Wouldn’t you love a weather service advisory for the financial markets?
If there were such a thing, I think right now we might be under one….not a financial “thunderstorm warning,” but maybe just a “watch.”
Different than meteorology, which is WAY more scientific than you and I know, it’s just my gut that tells me it might be time for the market timers to exit stage left. Although I have some data (there’s data for every dumb theory)….after about 20 years of tracking the financial markets seriously you get a feel for the ebbs and flows.
Currently, here’s what bothers me:
Wow, huh? If you’ve been following the financial press, you probably think that the market has been horrible this year. Your 401k plan would say otherwise, if you’ve been well diversified.
Why I’m Worried About The Stock Market
If you’ve followed the markets and don’t understand my consternation, it’s because I believe Warren Buffett’s classic quote:
Be fearful when others are greedy and greedy when others are fearful.
My accounts, across the board, are up significantly. That’s problem numero uno. Historically, whenever I start to giggle when watching my investments, there’s dangerous waters ahead.
Now, it’s not that I’m without any data. Factor in these thoughts:
– In the near future there’ll be another merry-go-round of imminent government shutdown, as Republicans and Democrats play Russian Roulette with the debt ceiling.
– The Fed may change hands at the top from Bernake to Janet Yellin, We have no idea if she’ll unwind the current Fed Treasury buying spree.
– According to the National Association of Realtors, home prices are predicted to rise, but sales will be flat.
Those could be a recipe for high winds.
Need more? My buddy Henry tends to agree with me.
So, I have a lot of reasons to exit the market. But will I do it?
I will do nothing.
Why? Blodgett says it best in his article, but I’ll take a stab:
1) I’m a long term investor. When I began as a financial advisor, I’d often trust my gut. Over the years, I found out that my gut is about as wrong as anyone else’s gut. Getting “a feeling” about the market isn’t a reason to make a change. You learn not to trust your gut when managing your own money; you learn surprisingly fast when you make the mistake of acting on a feeling managing $60M dollars of other people’s money. Try telling a client that “I had a feeling.” That’s not the answer they’re looking for. Neither should you.
2) I have a mindset that’s prepared for a big dip in the market. I don’t want the market to go south, but if it does, I’m mentally ready for it. I think when many people buy stocks they mistakenly think that markets are going to be their friend. In two words: they aren’t.
Financial markets are brutal and quickly make lunch out of morons with itchy trigger fingers. Every time you invest you should understand that the market can nosedive. Once you realize the worst CAN happen over short periods, then you’ll prepare accordingly.

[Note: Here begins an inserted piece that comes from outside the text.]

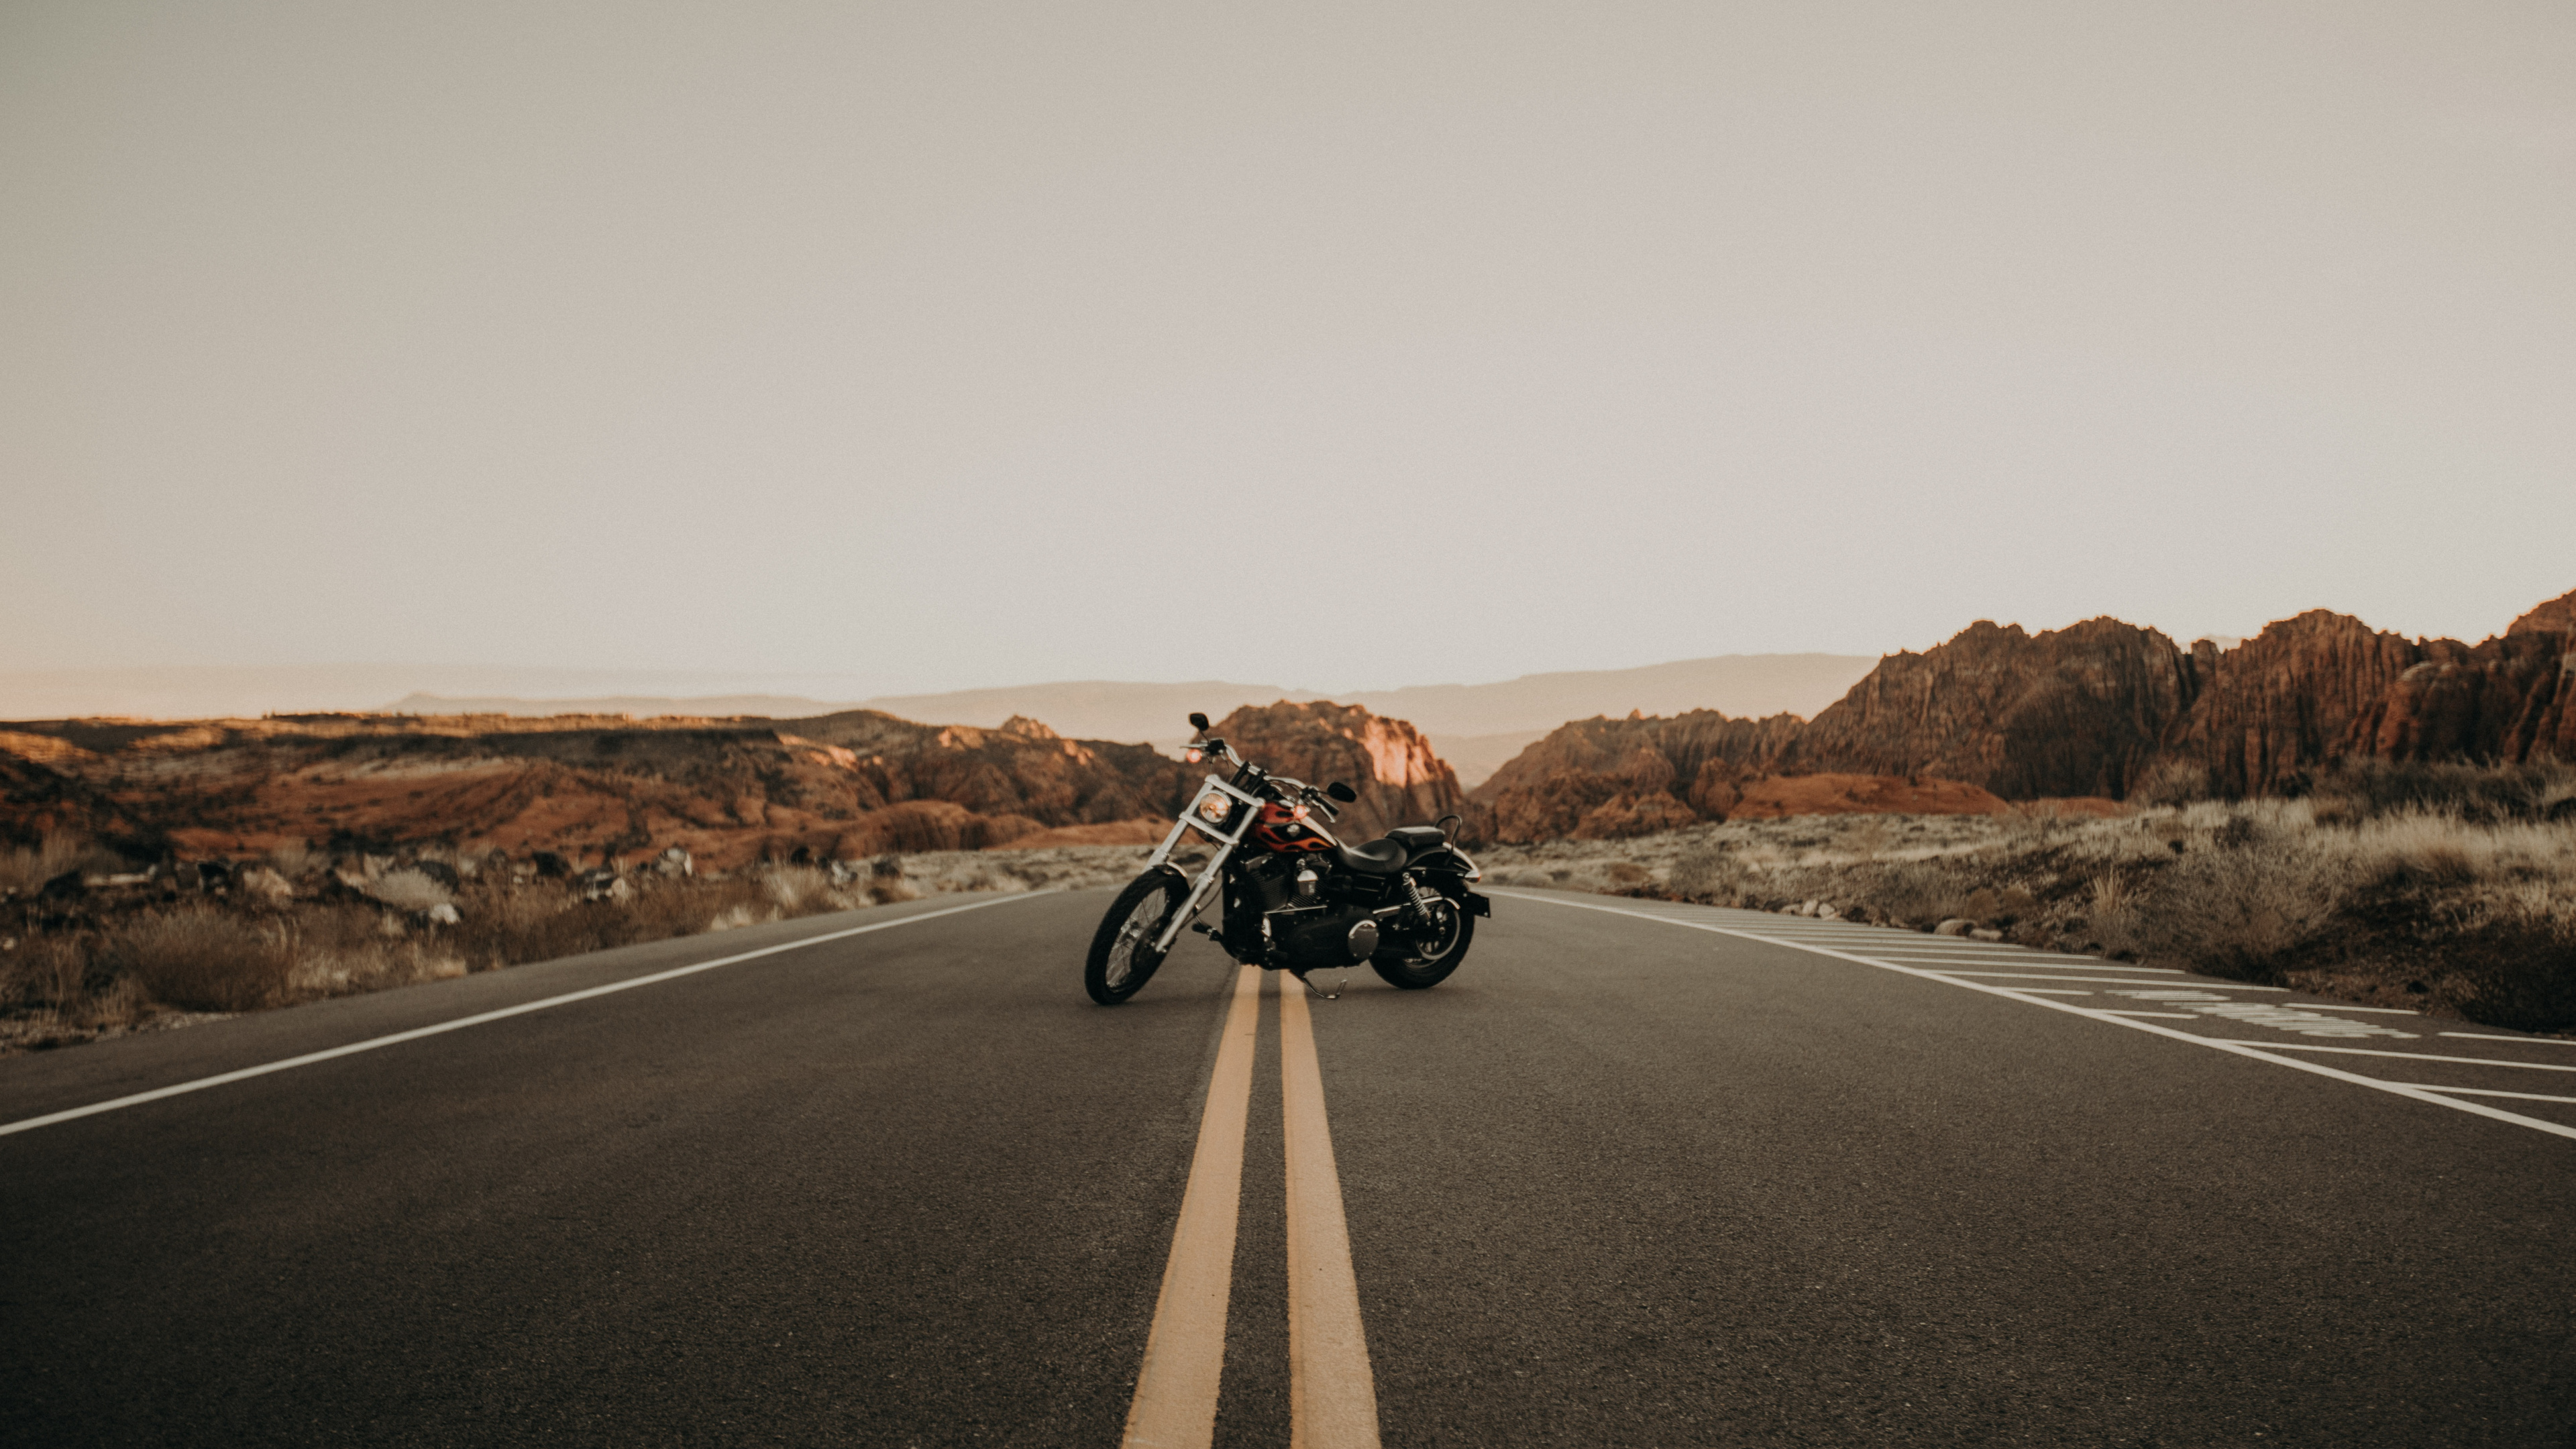 Motocicleta en Blanco y Negro en la Carretera Durante el Día. Wallpaper in 3840x2160 Resolution

3) Which brings up my biggest point: I’ve prepared for the worst. Like any good investor, I do have an exit strategy. On some positions, I’ve placed stop losses in case the market drops so low that I don’t think I’ll be able to recover within a few years. These stop losses aren’t my friend either, by the way. If they hit, I’ll have a big problem on my hands….I’ll have to decide when to reinvest the money! Because I don’t have a crystal ball, that’s gonna be a challenge.
A bigger friend to me is the process of reallocating my money. By making sure my portfolio stays balanced, I’ll always sell high and buy low with my investments. Don’t know how rebalancing works? Listen to our latest 2 Guys & Your Money podcast on the topic.
So, if you’re like Mr. Blodgett and me and think the markets are poised for a fall, what should you do? I’d advocate making sure your defenses are in place, your portfolio is balanced, and walking away from talk of “what if” and “maybe” in a down market (of course, except for this article, which you were brilliant to decide to read…and finish).